À Marseille, le projet d’Ernesto Lopez est focalisé sur deux de ses besoins : mieux gérer son argent et renouer du lien social. « C’est pour me projeter dans l’avenir », explique-t-il. Avec Ourania Viaud, il a notamment rencontré un médecin traitant et identifié la pharmacie et les commerces de proximité. L’infirmière et la stagiaire monitrice-éducatrice le quittent en l’invitant à un petitdéjeuner organisé au siège de l’association le mercredi suivant. « On compte sur vous, Ernesto ! », souffle la soignante. Les ACT ont fêté leur 25 ans d’existence. Mi-septembre 2019, le gouvernement a annoncé 60 millions d’euros supplémentaires à partir de 2020, « pour développer l’offre de logements abordables et l’accompagnement vers et dans le logement », a déclaré Julien Denormandie, ministre chargé de la Ville et du Logement. Ce ne sera pas un luxe face à un public malade à accueillir toujours plus nombreux partout en France.

PRISE EN CHARGE

Quelle sortie du dispositif ACT ?

→ Il y a plusieurs manières de sortir d’un appartement de coordination thérapeutique pour un locataire qui a retrouvé son autonomie et dont la maladie chronique est stabilisée. En réalité, les accompagnés sont tous sous-locataires de l’association gestionnaire des ACT. Certains vont d’eux-mêmes trouver un logement, tandis que d’autres seront orientés vers le parc de logement social de leur ville.

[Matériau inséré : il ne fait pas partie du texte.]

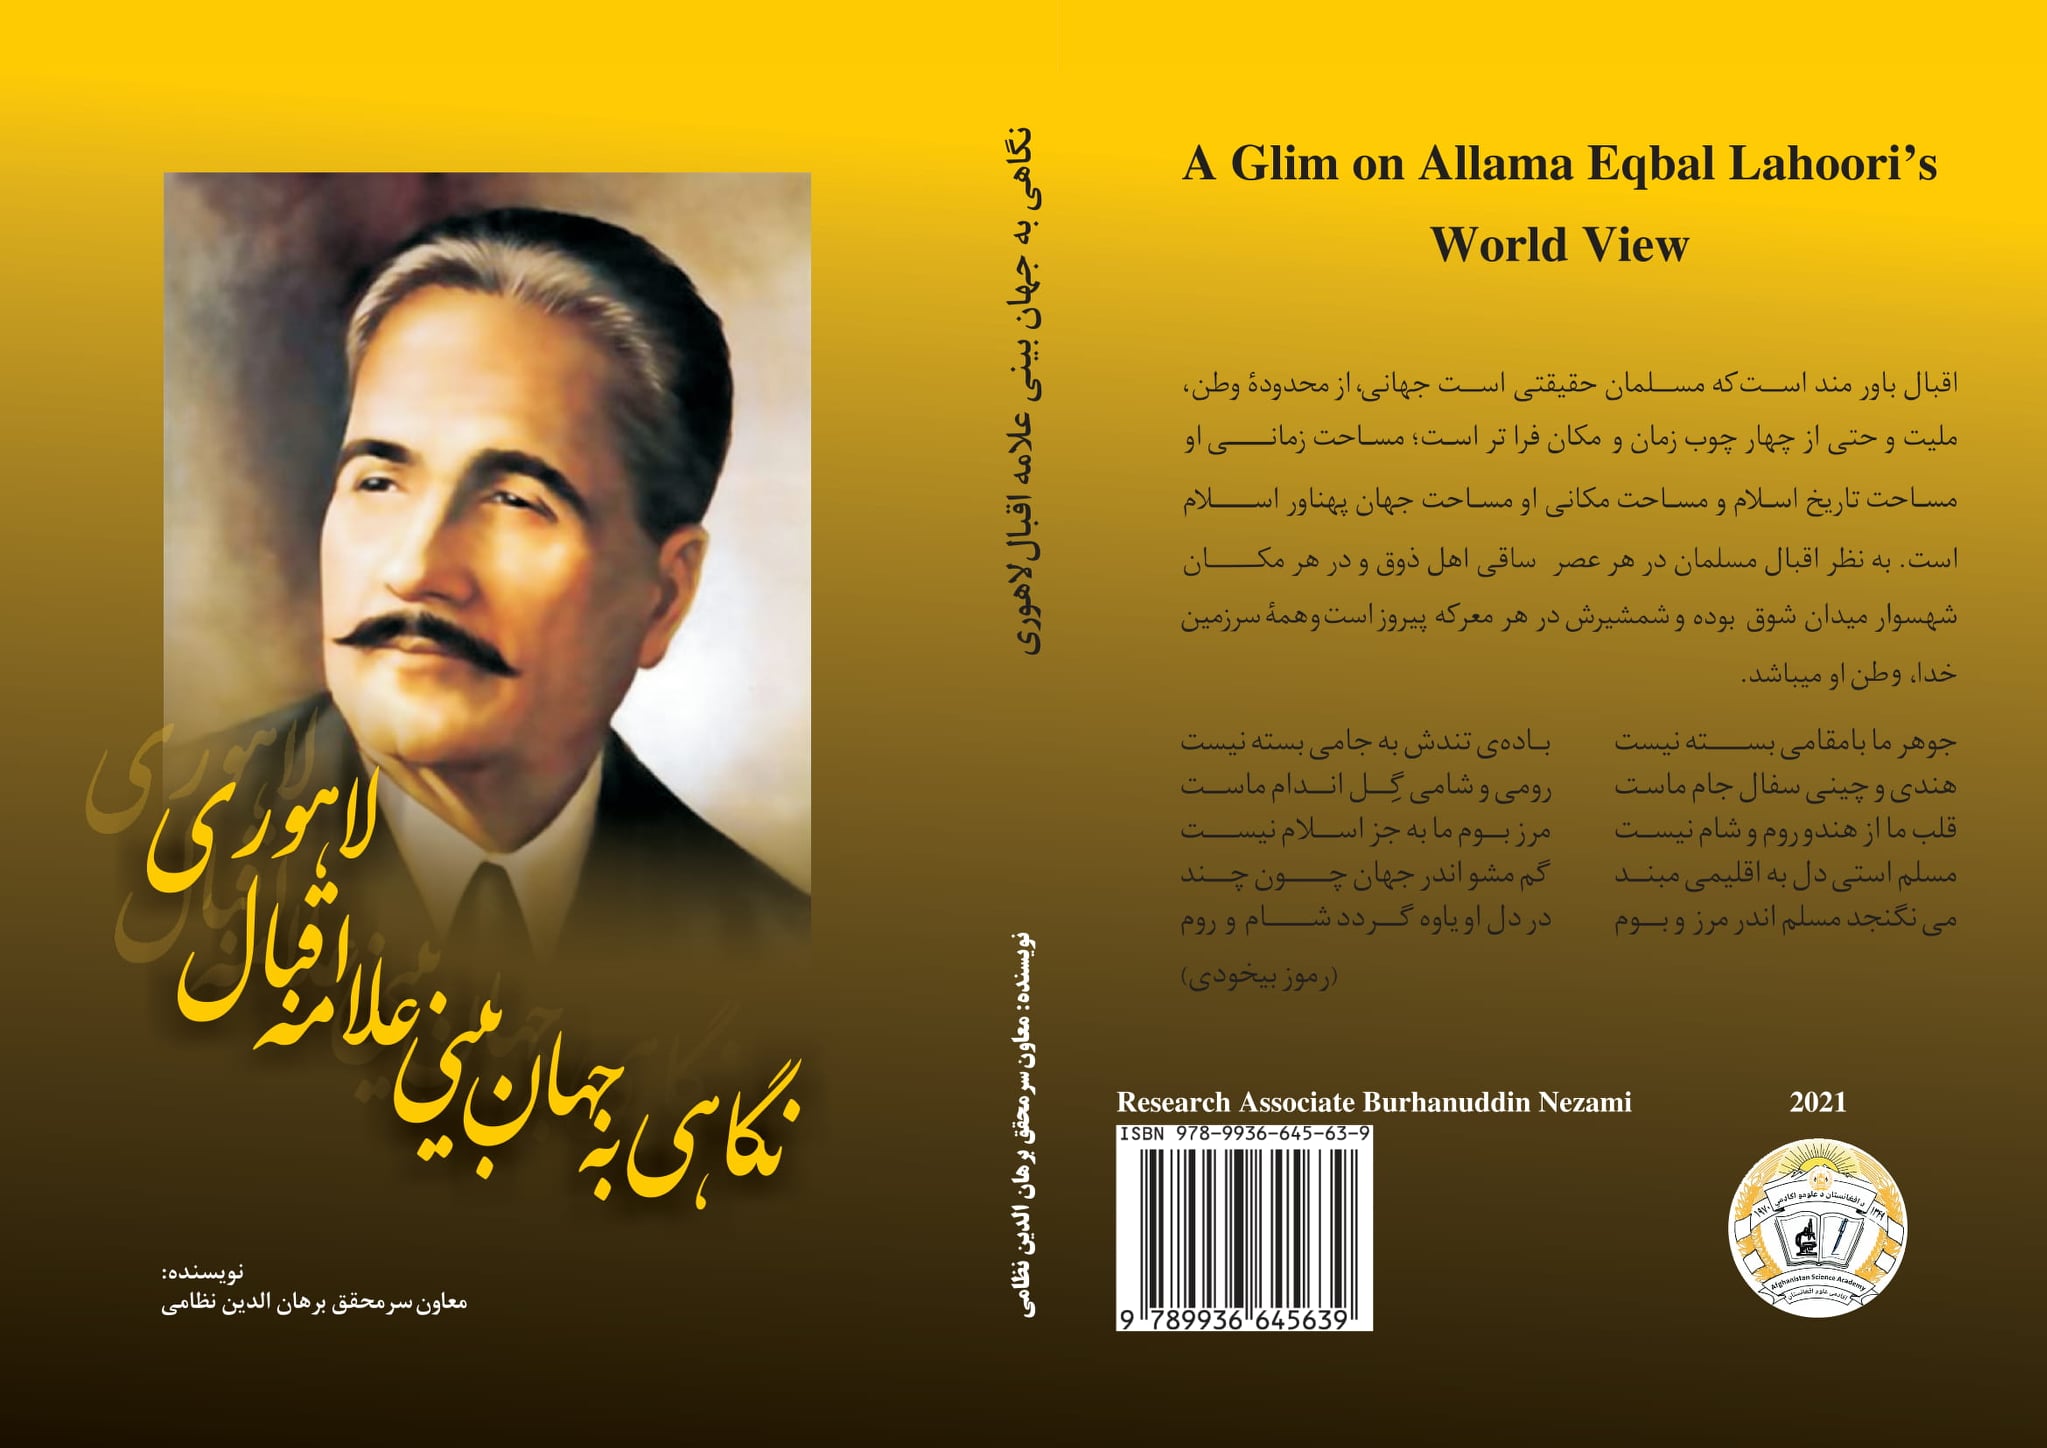 کتاب «نگاهی به جهان بینی علامه اقبال لاهوری» به زیور چاپ آراسته گردید

Parfois, un glissement de bail vers le sous-locataire (bail en nom propre) est aussi possible. Au sein de l’association HAS, cela concerne environ un tiers des cas. Les équipes médico-sociales prévoient alors une période de “veille”, qui permet à l’ancien bénéficiaire d’obtenir un rendez-vous avec ses anciens référents s’il a des questions médicales ou concernant ses droits.

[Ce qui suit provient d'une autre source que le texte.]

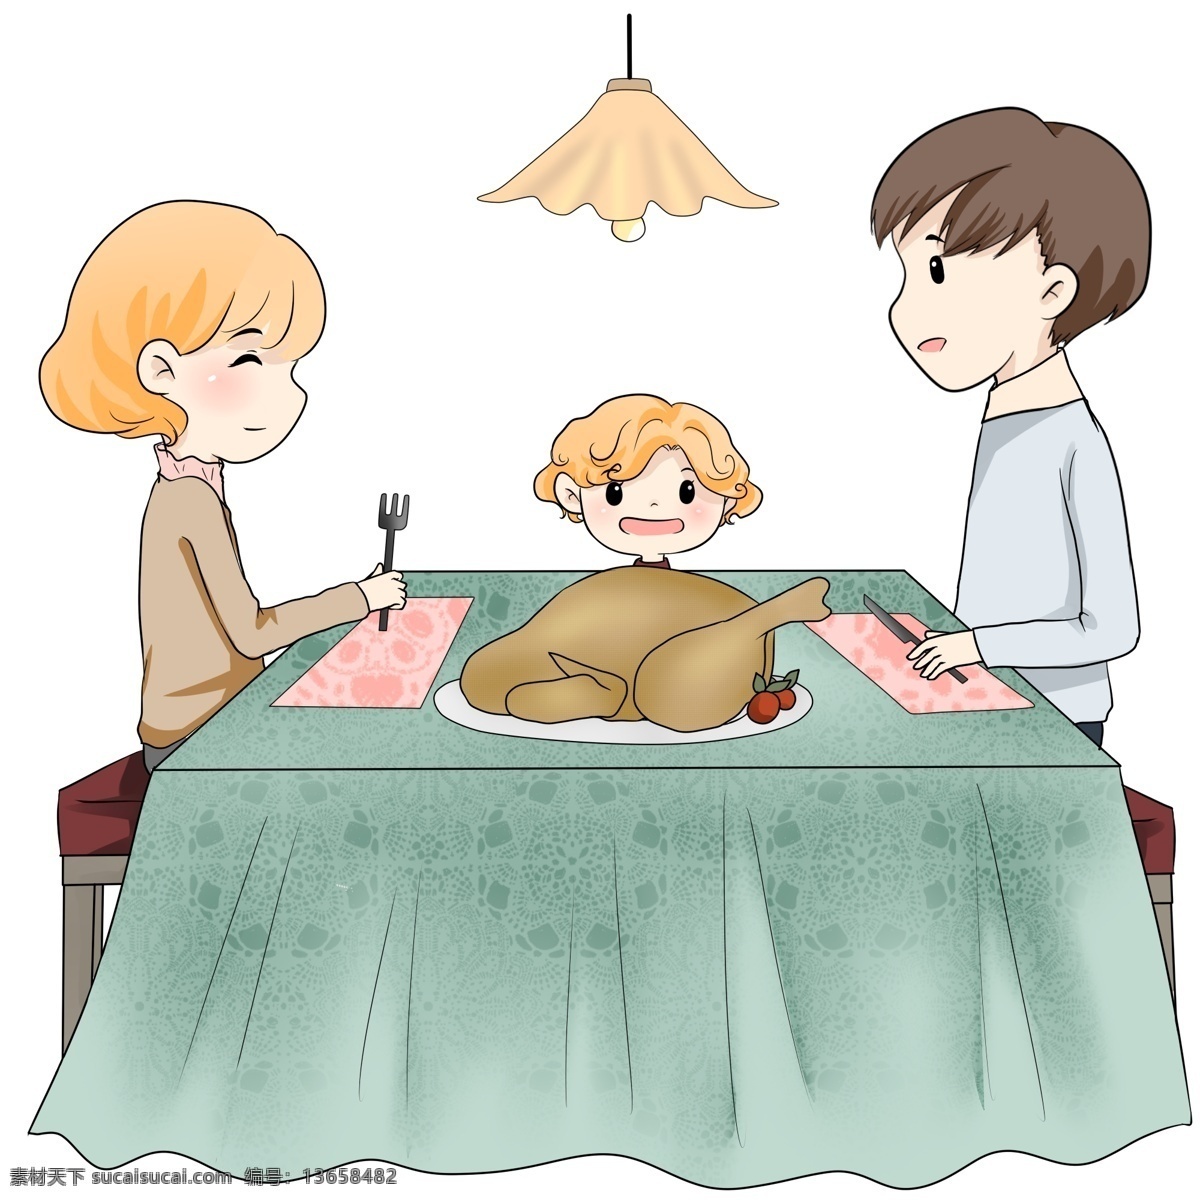 手绘 感恩节 一家人 吃 火鸡 插画 场景 火鸡大餐 感恩节美食 卡通 人物 感恩生活

→ Parfois, la question de la fin de vie se pose pour ceux qui sont entrés dans le dispositif il y a plusieurs années et sont toujours en grande situation de dépendance ou souffrent de maladies incurables. Il s’agit souvent de personnes âgées pour qui l’autonomie est une utopie. Elles sont alors maintenues en ACT. L’association HAS prévoit des formations pour l’accompagnement à la fin de vie à destination de ses équipes de terrain. « Tout le monde n’est pas formé à la fin de vie. Les soignants se sentent plus à l’aise que les éducateurs sur ce point… », précise l’infirmière Ourania Viaud.